When specifically talking about building a programming language from scratch using vibe-adjacent methods, here are the steps in which I broke down entire process:
- Build a turing complete language.
- Implement the feature that is unique to this language.
- Start adding all the niceties and extra features one at a time.
The above process only works if you can maintain correctness of your previous steps. This entails writing high-signal tests that maintain a baseline while features get added on top. Writing tests is extremely annoying, allowing it to be offloaded seems like a lifesaver. It is a lifesaver, if offloading the writing of tests allows you to focus more energy on making sure the right edge cases are being covered. A programming language (compiler/interpreter) demands determinsm and correctness, which is the exact opposite of what an AI agent is, therefore you can manage this disconnect by making sure the test cases actually mean something except “BRR!!! number go up”.

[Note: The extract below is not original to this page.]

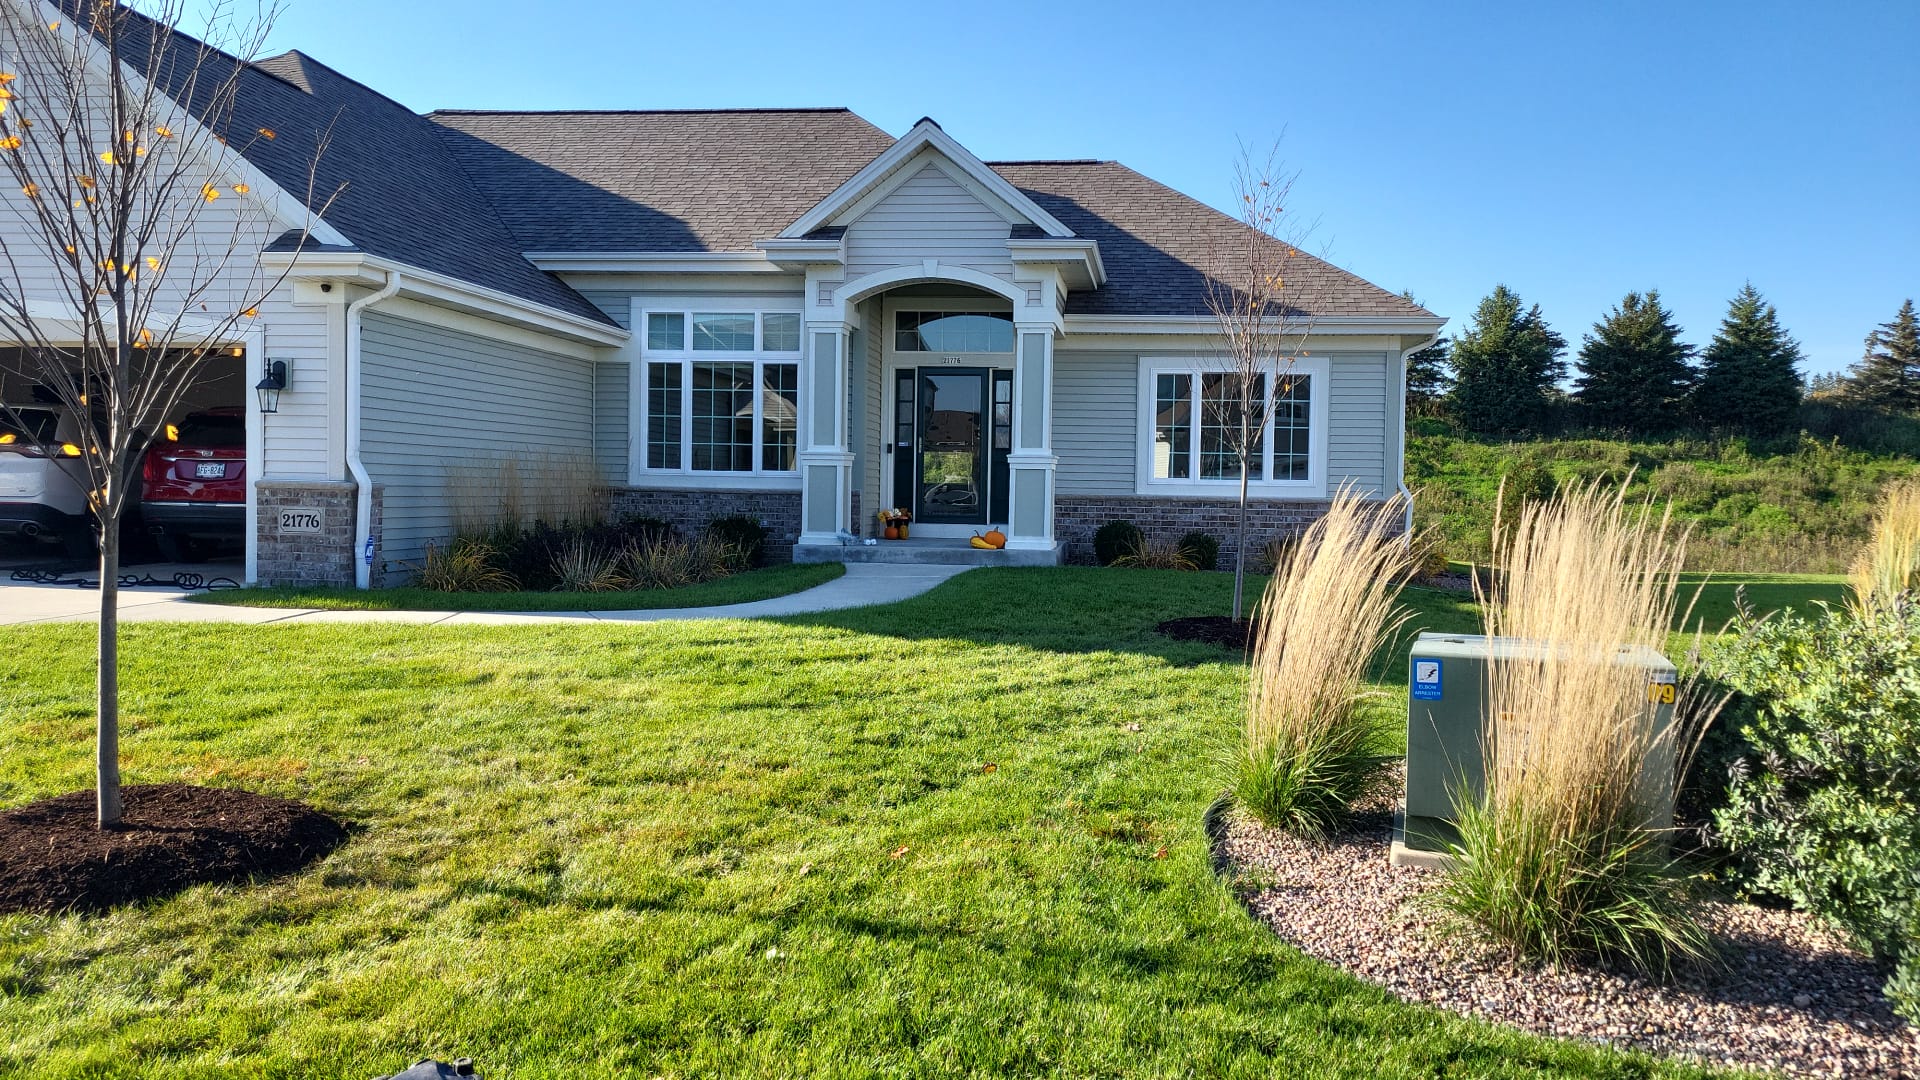 This image shows a single-story suburban home with beige siding, a garage, green lawn, and ornamental grasses, under a clear blue sky.

Unless a project (or a programming language) only has one you as a user, make sure that it gets used and abused by as many people as possible. It is impossible to fund bugs alone and even a fuzzer can only do so much. Get your projects out there, there is no better gratification than seeing random strangers find something you have built be useful to their lives.
The above paragraph would be such an excellent way to conclude this tirade of thought, alas, it is just a segue into building an online editor for your vibe-built programming language. Technology has provided mankind with a disgustingly wide array of creature comforts, this includes but is not limited to:
- seamless installation of software
- web browser
- syntax highlighting and LSP support
- hooks into the LSP for AI agents
- tiramisu
The above list is disgustingly infinite. What I am trying to convey is, make sure that there is an easy way for someone to try and learn the programming language, or any project for that matter. Build an online editor and a robust documentaion website. Add LSP and syntax highlighting support within the online editor and build standalone extensions for popular editors like VSCode and NeoVim. I used monaco-editor to build the online editor and asked the agent to use the tool to build something usable. Keep adding features until you are sure a complete stranger that stumbles onto the website does not leave with the something's missing feeling.
TL;DR
Build the programming language in a piecewise fashion. Utilise pre-existing battle-tested technologies to ease the context burden. Build the nice-to-haves like an online editor and a LSP. Never forget having up-to-date documentation; for yourself, for the user, or for the agent lurking in a nebulous nvidia node.